Patients Assigned to 20 mg of Sildenafil
Patients Assigned to 40 mg of Sildenafil
|Age, yr||64 ± 7||66 ± 7||62 ± 6|
|FVC, % predicted||65 ± 20||68 ± 23||62 ± 17|
|FEV1, % predicted||35 ± 11||35 ± 12||34 ± 11|
|FEV1/FVC||0.39 ± 0.11||0.38 ± 0.11||0.42 ± 0.12|
|TLC, % predicted||114 ± 19||119 ± 14||109 ± 23|
|DlCO, % predicted||44 ± 17||48 ± 18||41 ± 17|
|PaO2, mm Hg||64 ± 11||69 ± 11||58 ± 8*|
|PaCO2, mm Hg||42 ± 6||39 ± 5||46 ± 6*|
|P(a–a)O2, mm Hg||32 ± 9||31 ± 9||35 ± 10|
|mPAP, mm Hg||27 ± 10||25 ± 6||30 ± 13|
|PCWP, mm Hg||7 ± 3||7 ± 3||7 ± 3|
|CI, L·min−1·m2||2.72 ± 0.44||2.59 ± 0.47||2.87 ± 0.38|
|PVR, dyn·s·cm−5||339 ± 165||321 ± 92||362 ± 229|
|Wmax, % predicted||35 ± 15||36 ± 14||34 ± 19|
|V̇o2max, % predicted||53 ± 20||55 ± 18||51 ± 23|
The study was approved by the internal review board of Hospital Clínic (Barcelona, Spain) and written informed consent was obtained from each participant.

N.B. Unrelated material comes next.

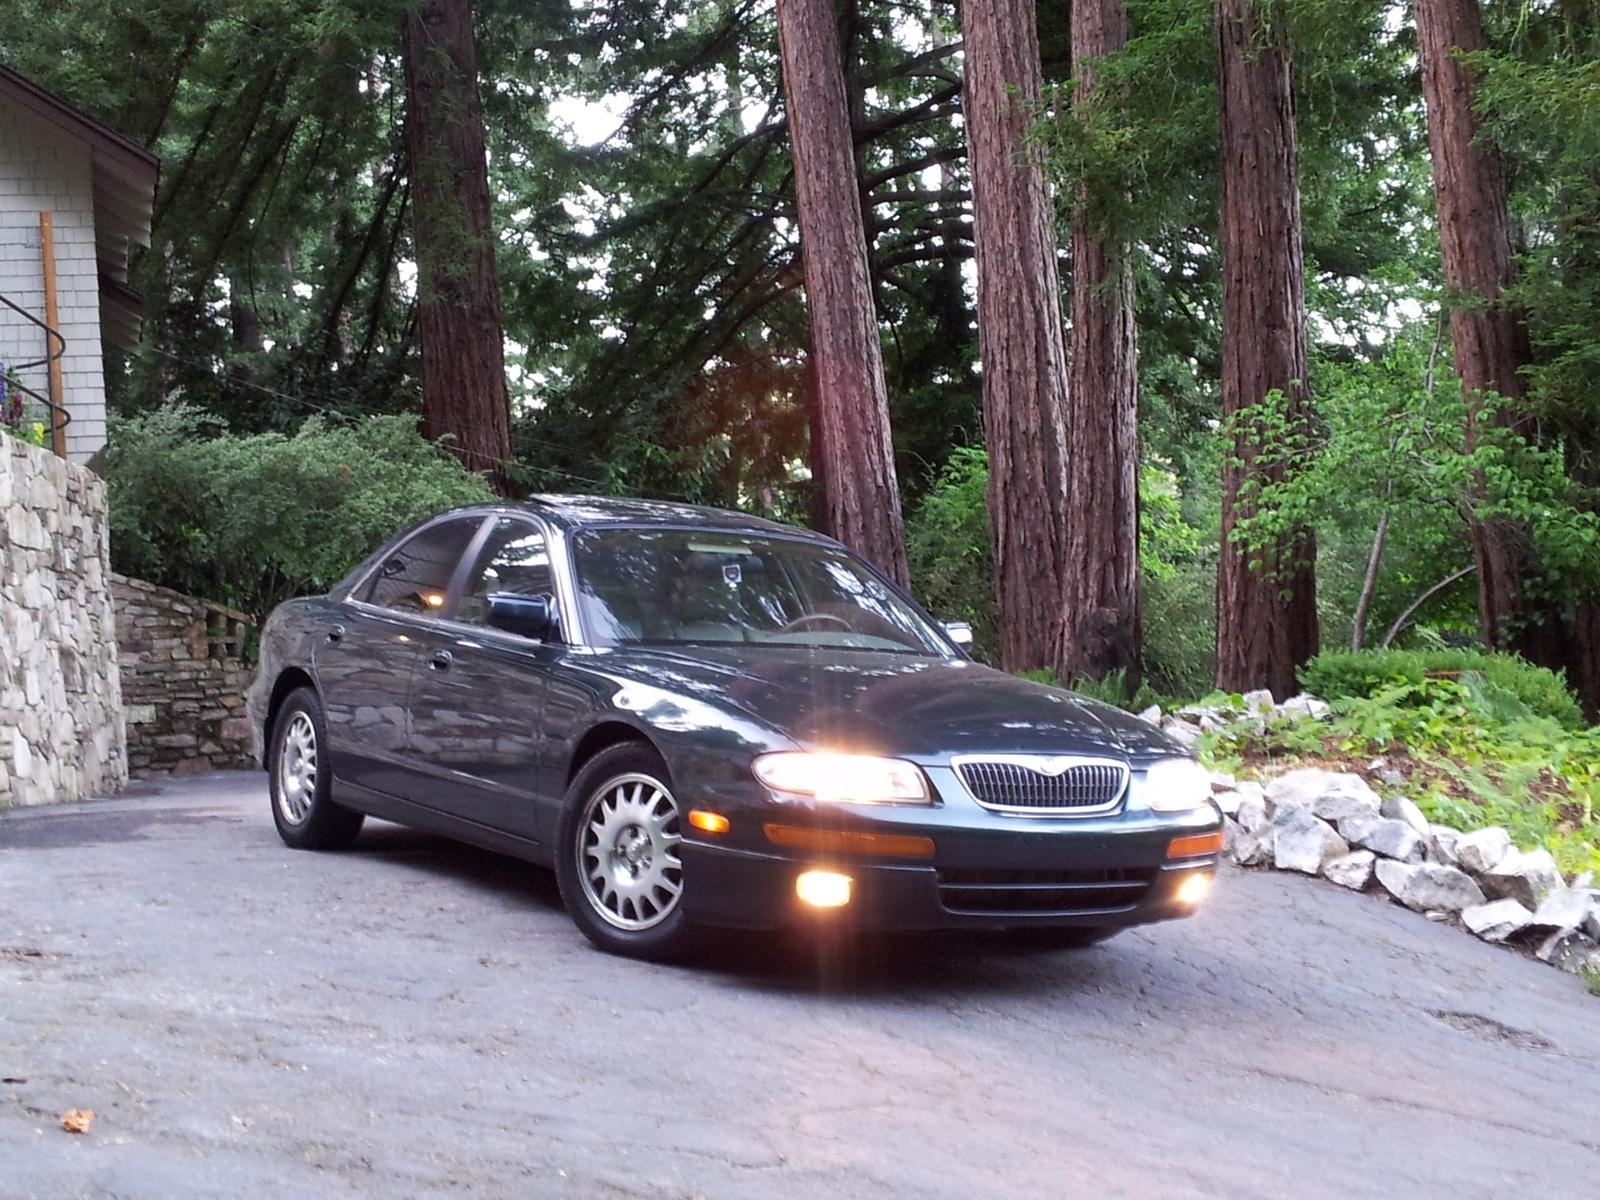 Mazda Millenia Questions - My 2002 millenia, has rough idle

Before the study, the highest workload that each patient could tolerate was determined by an incremental exercise test. The day of the study, a Swan-Ganz catheter and an arterial line were placed in the pulmonary and radial arteries, respectively. Pulmonary vascular pressures were measured at end-expiration. Cardiac output (CO) was determined by the thermodilution technique.
Ventilation and respiratory gas measurements in arterial and mixed venous blood and mixed expired air were performed as previously described (25). Tissue oxygen delivery was calculated by multiplying the oxygen content in arterial blood by CO.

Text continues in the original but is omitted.